Any number of things cause link rot.

  • Site taken down, invalidating the links which are pointing to it. Law firms have done this to the blogs of lawyers who have left the firm.
  • Some form of blocking such as content filters or firewalls. LexisNexis’ 360 is an example.
  • Links may be removed as a result of legal action or court order.
  • Content may be intentionally removed by the “owner.”
  • Many news sites keep articles freely accessible for only a short time period, and then move them behind a paywall. This causes a significant loss of supporting links in sites discussing news events and using media sites as references. ALM has done this in the case of contributions from legal authorities.
  • Websites can be restructured or redesigned, or the underlying technology can be changed, altering or invalidating large numbers of inbound or internal links. Happens all the time with law firms which often treat legal insight and momentary by their own legal authorities as secondary to marketing and website deign.
  • Dead links can also occur on the authoring side, when website content is assembled from Internet sources and deployed without properly verifying the link targets.
  • A website might change its domain name. Links pointing to the old name might then become invalid. This regularly happens when legal professionals move their publishing off platforms such as Medium and when law firms run their lawyer blogs inside the law firm’s website.

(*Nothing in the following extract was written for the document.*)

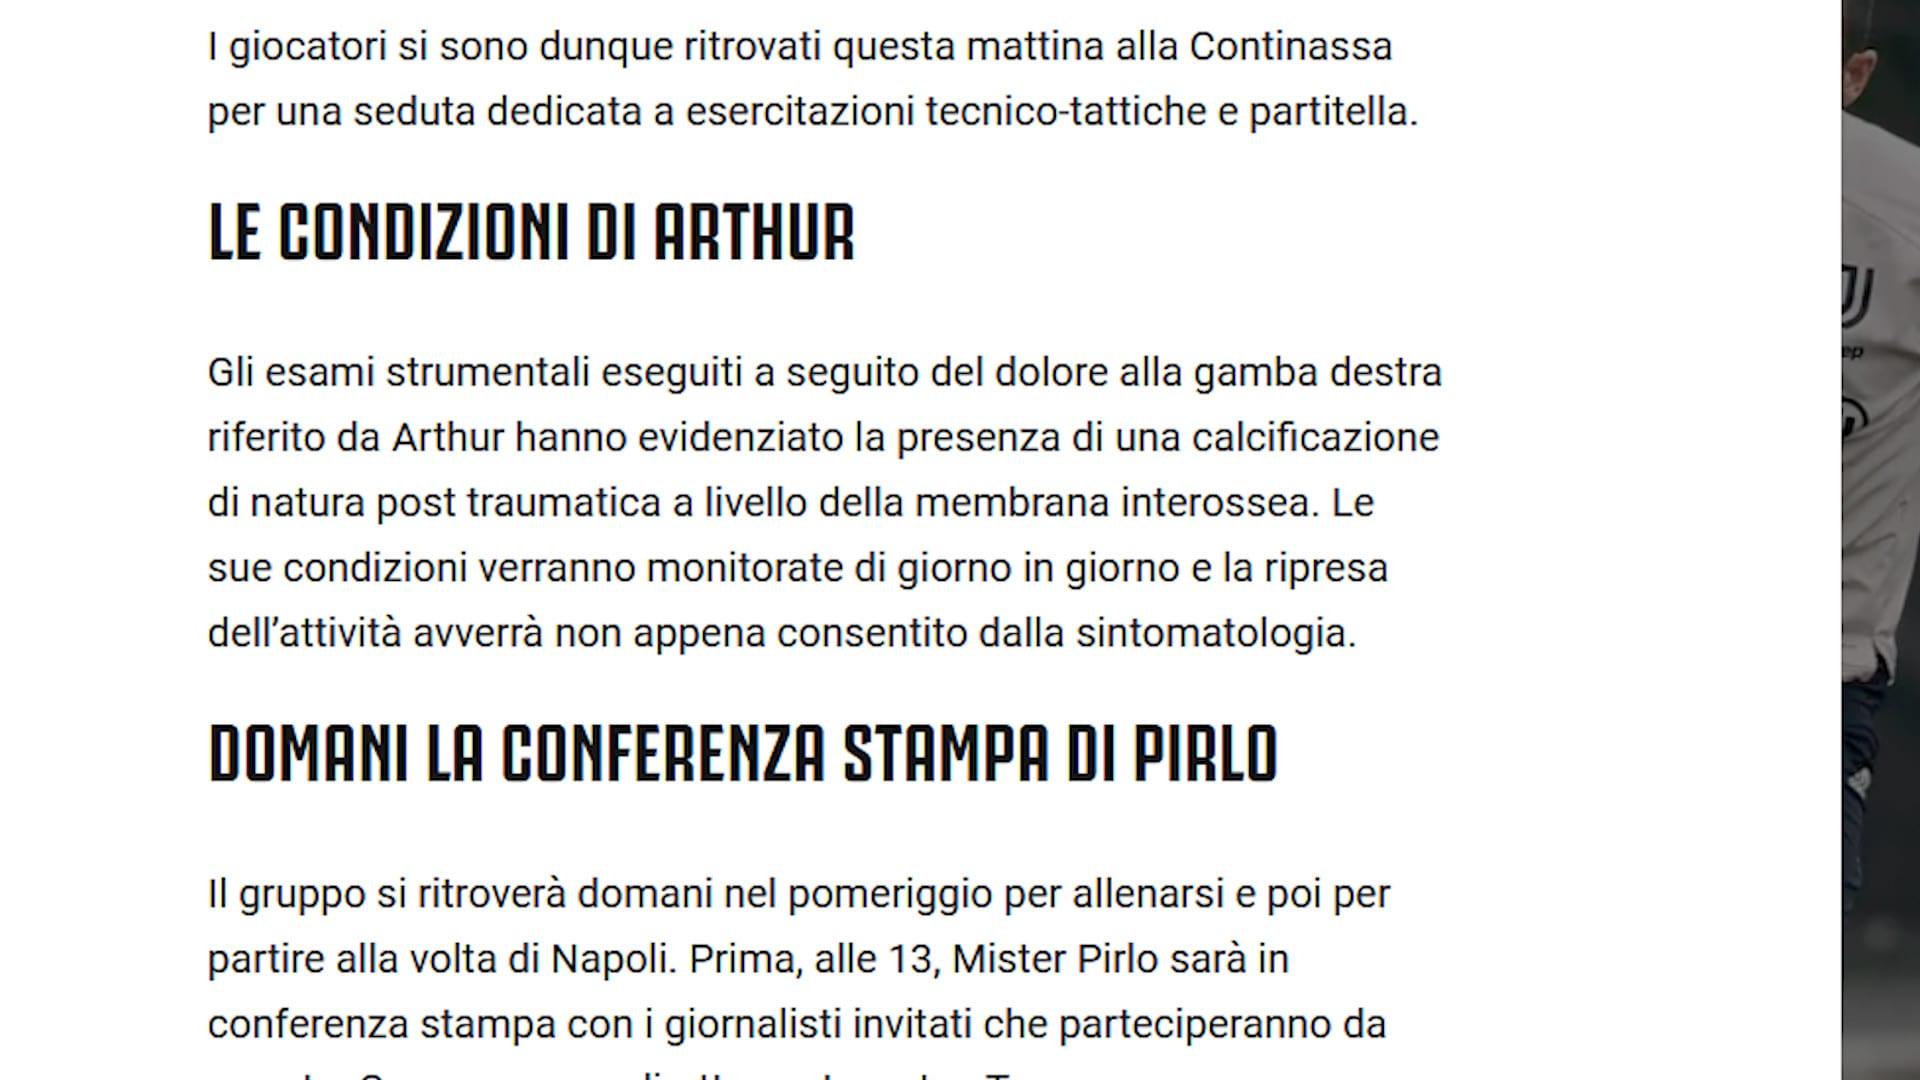 Juve, Arthur salta il Napoli

Link rot can be combatted in any number of ways.

  • When you change URL’s, use redirection mechanisms such as “301: Moved Permanently” to automatically refer browsers and crawlers to the new location. This won’t work when sites are moved from platforms such as Medium where there is no server side access.
  • Content management systems, such as WordPress, may offer built-in solutions to the management of links, such as updating them when content is changed or moved on a site. WordPress guards against link rot by replacing non-canonical URLs with their canonical versions.
  • Web archivists can, and are, engaged in collecting websites. The Library of Congress is doing this for some law blogs. LexBlog is looking at the question of archiving blogs on LexBlog, which will grow to be an aggregation of law blogs worldwide. Archiving, alone, may still have the issue of not displaying the original url which citations would point to.
  • Getting law firms to recognize that many law blogs, like journal and law review articles, are more than merely marketing. Scholoraly and legal work is not to put out in the public domain and pulled back at the whim of law firm policy.
  • Smarter use of the web by web developers,  legal professionals and legal publishers who lack an appreciation of the link rot they are causing.
  • Use established publishing protocol – WordPress. WordPress runs 70% of all sites with a content management solution, and it’s going to grow to 90%. Web developers using proprietary or marginally used website software can use suchj software for a website, but not for publishing, where they’ll use WordPress.

Legal librarians, knowledgement magament professionals and archivists have a better understanding of link rot and its ramifications.

As crazy as it may sound, link rot is real and so are the problems it genrerates in a precedent and citation driven field, such as the law.